Printing Technology
September 15th, 2009
Linotype machines and rotary printing presses were the main innovations in printing technology during the XIX century. The price of a printed publication was significantly lowered, an this allowed a broader access to books and newspapers, as well as the flourishing of new independent publications. In my current research on the work of Uruguayan modernista Roberto de las Carreras, I can appreciate the importance those new printing technologies had for the establishment of an anarchist press and a series of editorial projects known as Bibliotecas populares, which were key in the diffusion of socialist ideas at the end of the 19th. century. One of the major editorial projects of that time was the Sempere publishing house in Valencia. This house published the firsts Spanish translations of Karl Marx, Michail Bakunin, Piotr Kropotkin, and other revolutionary as well as liberal thinkers. The books were sold at a extremely low price (one peseta) and were widely read not just in Spain (where they were originally published) but also in Latin America (I still have some of those books that belonged to my grandfather).

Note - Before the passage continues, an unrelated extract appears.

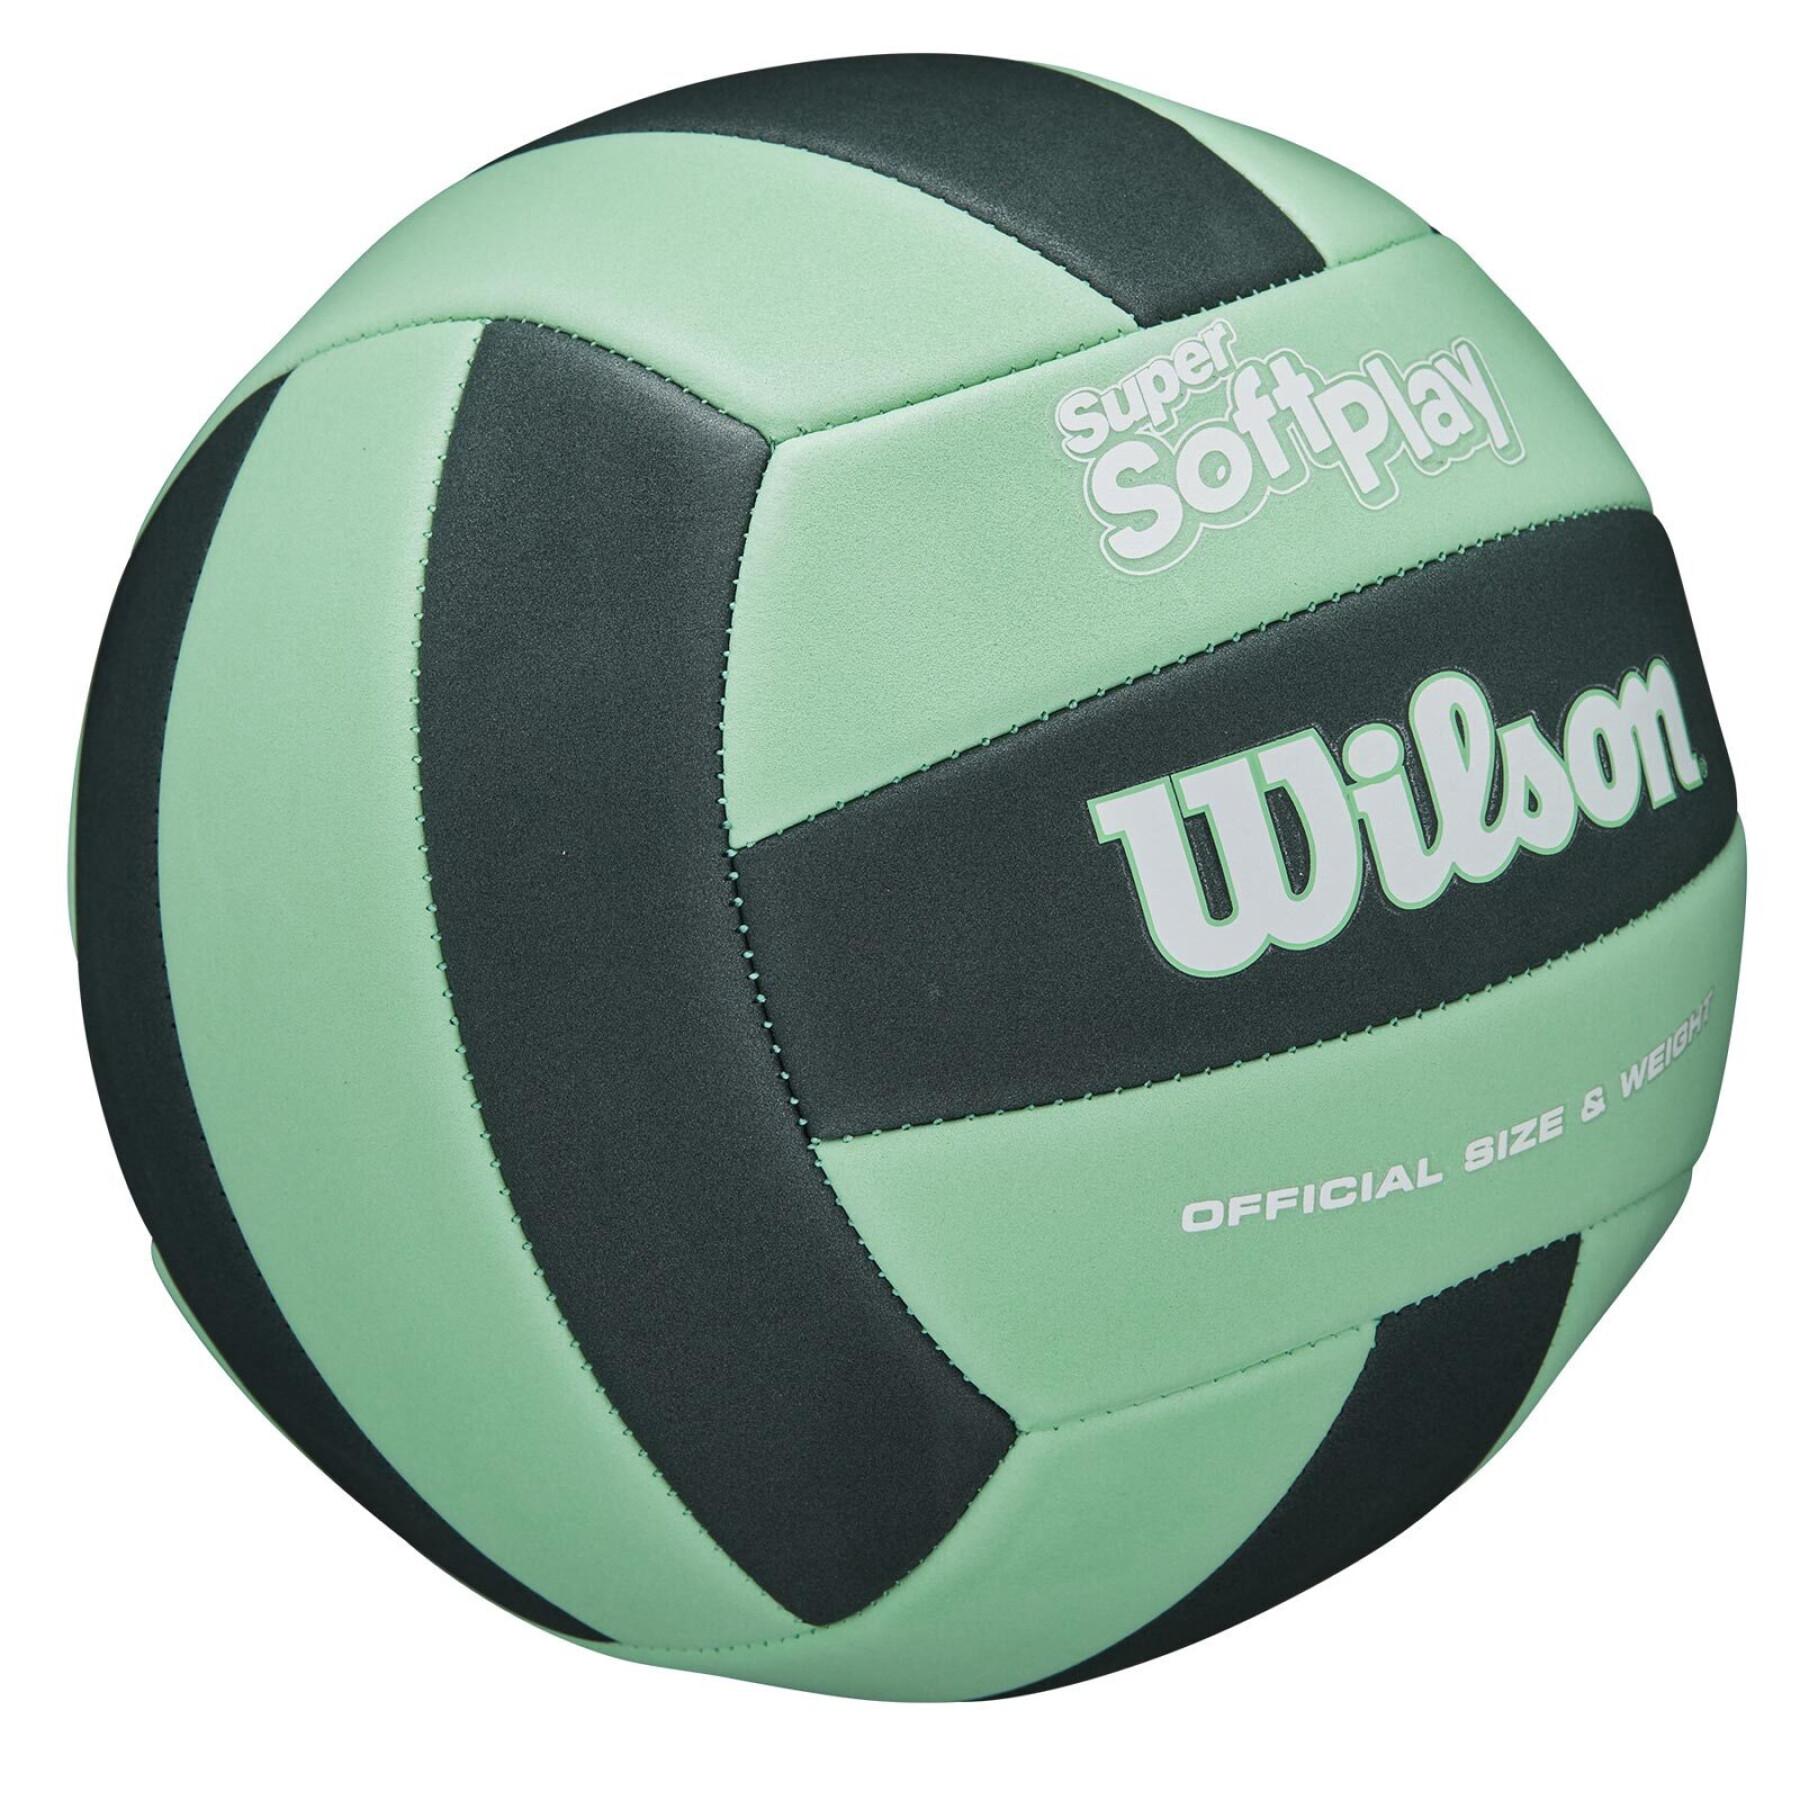 Ball Wilson Super Soft

The network built by the internationalists was used by Sempere to reach a wider public. But this network can be appreciated also in local socialist and anarchist newspapers: their correspondence sections were a truly international tribune were socialist and anarchists around the world confronted ideas and coordinated actions. The newspaper La rebelión, which lasted one year (from 1902 to 1903), hosted in its pages a wide range of contributors from Europe and Latin America. Through an economy based in bartering and gift practices, the newspaper editors were able to host in its pages hotted debates where the names of Kropotkin or Élisée Reclus could be seen side by side with a local anarchist baker such as Joaquín Barberena. Anarchists were able to establish their own spot in the cultural realm as holders of the necessary know-how to use the new printing and other graphic technologies (photography starts to become widely available at this time too). Beside printing technologies, advances in transportation contributed to the speed of communications, allowing the editors of La rebelión to send the newspaper to Europe and the Americas, and vice-versa.
The debates on free love that took place between 1902-1903 in this newspaper are a good example of such interaction. It was a debate that started as a local discussion held in Uruguay, aroused by the intervention of Roberto de las Carreras, who promoted his own example of free love practice. Soon interventions from Buenos Aires started to appear. In 1903, the intervention from Émile Armand (whose real name was Ernest-Lucien Juin, one of the main advocates of free-love in the first half of the 20th. century, and author of La révolution sexuelle et la camaraderie amoureuse) from France, calls for the creation of a new libertarian community based on the past experiences of the Icaria and Cecilia colonies that existed in the XIX century in the U.S. and Brazil. The debate doesn’t continue because the newspaper is shut down by the police. In the last issues, the changes in the addresses of the printing press facilities evidence the legal troubles the editors were facing. The question that I was asking myself when collecting this data at Uruguay’s National Library last summer was what can we learn from the way these local publishers managed to create such networks, that allowed for a transcontinental cultural exchange bonded by a common political practice. The way they quickly appropriated the new technologies of the time could be seen as an example from which to learn possible practices for the use of the new technologies available to us today.